黑发黑瞳,披肩的长发以冠冕束起,剑眉星瞳,鼻梁高高挺起,白里透红的薄唇,绝对符合大多数人的审美。
这位先生的气质长相都不像是小山村能养出来的人,但又与山村有莫名的融洽感,不像他们母女与小山村格格不入。
稚童也很好奇,为什么先生看起来明明和自家娘亲差不多岁数,却懂得那么多道理。
四五岁的小孩已经有记事思考的能力了,稚童更是如此,其娘亲经常灌输给他一些道理。
不过,在稚童心里最崇拜的却是坐在对面的先生,长相很讨喜,在学堂上天文、地理、人伦道理都能浅薄的和他们这些孩子讲述。
还会用一些常见的例子帮助他们理解,稚童脑袋里的许多知识就是先生教的。不止稚童,村子的这一代幼童都是由先生启蒙。
也因此,一位教书先生在村子的地位隐隐高很多。
稚童小腿不安分的乱动,停止了胡思乱想,不再去端详先生。毕竟是稚儿,一身活泼劲儿像是使不完,不可能一直安分的坐在一处。
院子是很普通的那种农家小院,有一棵大树遮蔽半个院子,树底下是先生做的石桌石凳,不远处还有花,一个小池子。
两间留人住的房间,一个半露天的厨房,这就是小院的大体结构了。
稚童熟悉的到水池边舀了些水浇花,百般无聊的在院子里打转。
日上三竿,大片树荫缩小,半张石桌暴露在阳光下,那呆坐着的先生眼神忽的清明,目光聚于一点。
那玩闹的稚童已经累了,就这样半只脚挂在池子里睡着了。
“月初?”
木司疑惑,东方月初怎么会在自己院子里,但又看他那睡状很是危险,起身过去将他扯了过来。

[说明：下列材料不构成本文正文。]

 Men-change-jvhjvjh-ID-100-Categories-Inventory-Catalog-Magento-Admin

那稚童转醒,眼神朦朦胧胧像是没有睡醒,看到先生已经不是那无视人都不状态,不由抱怨道:
“木叔叔,你刚才又不理人,今天可是要教我那些东西的。”
稚童抓着青年先生的衣摆,撒娇似的摇晃。
先生这才恍然,原来自己又陷入了那种状态,就连他自己也发觉不了,身边的人经常反应,这才相信这样的事。

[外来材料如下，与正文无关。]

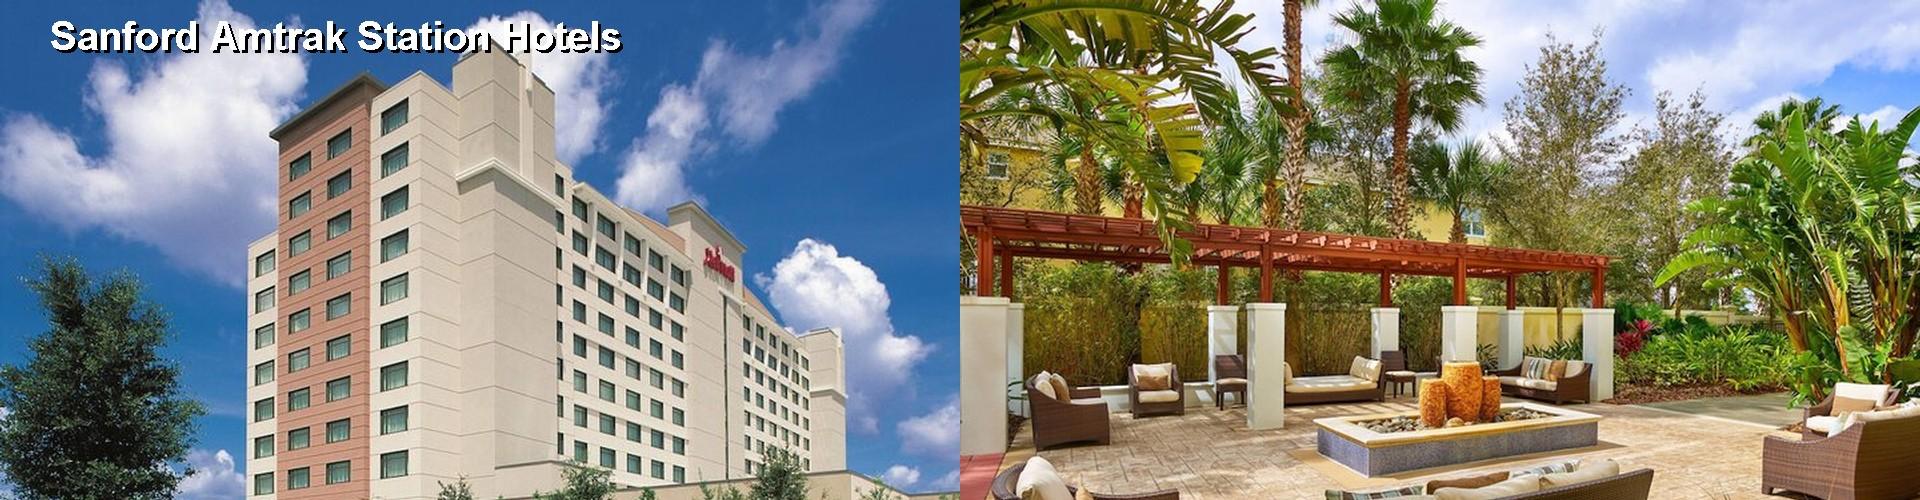 5 Best Hotels Near Sanford Amtrak Station

其实在那种状态中他感受不到时间的流逝,意识还停留在进入状态的前一刻。难怪月初这小子跑到院子里来了。
先生问:“你来这里做什么?”
稚童眼神一亮,迫切的望着先生,“木叔叔,可不可以教我那个?”
“什么?”木司装作听不明白。
稚童有些急了,站在石凳上手舞足蹈,“法术,神奇的法术。”
“不行。”先生语气平淡的拒绝。
稚童口中的法术是一些对于村里人来说很是超凡的手段,据他打听是城里的那些道士才掌握的东西。
巧的是他的记忆中也有不少法术的存在,但却偏偏没有关于自己的记忆,真是奇也怪哉。
平常木司从不再村民面前施展手段,但偶然间在院子里生火运水被这小家伙看到了,这已经是小家伙找寻他的第四次了。
木司同样知道小家伙的娘亲会一些法术,这自然是小家伙告诉他的,只是那位性格……活泼的女子身体不大好。
“为什么?”稚童沮丧的问先生。
先生没再说话,稚童就在那里等着。
良久,先生说道:“我这些日子在学堂教与你的术数都学会了吗?”
听到术数,稚童身子本能的一颤,蔫了吧唧的,弱弱的回答:“没,没有。”
先生转头向屋内走去,“学堂上的东西都没有学明白,我可不想你娘亲回头来找我。”
“再者说,那种东西,何必要我来教,你娘亲不教你吗?”
“木叔叔!”稚童在身后大喊。
先生脚步一顿。
“我学会那术数,您可不可以教我?”
木司走进了屋内,声音却飘了出来,
“再说吧。”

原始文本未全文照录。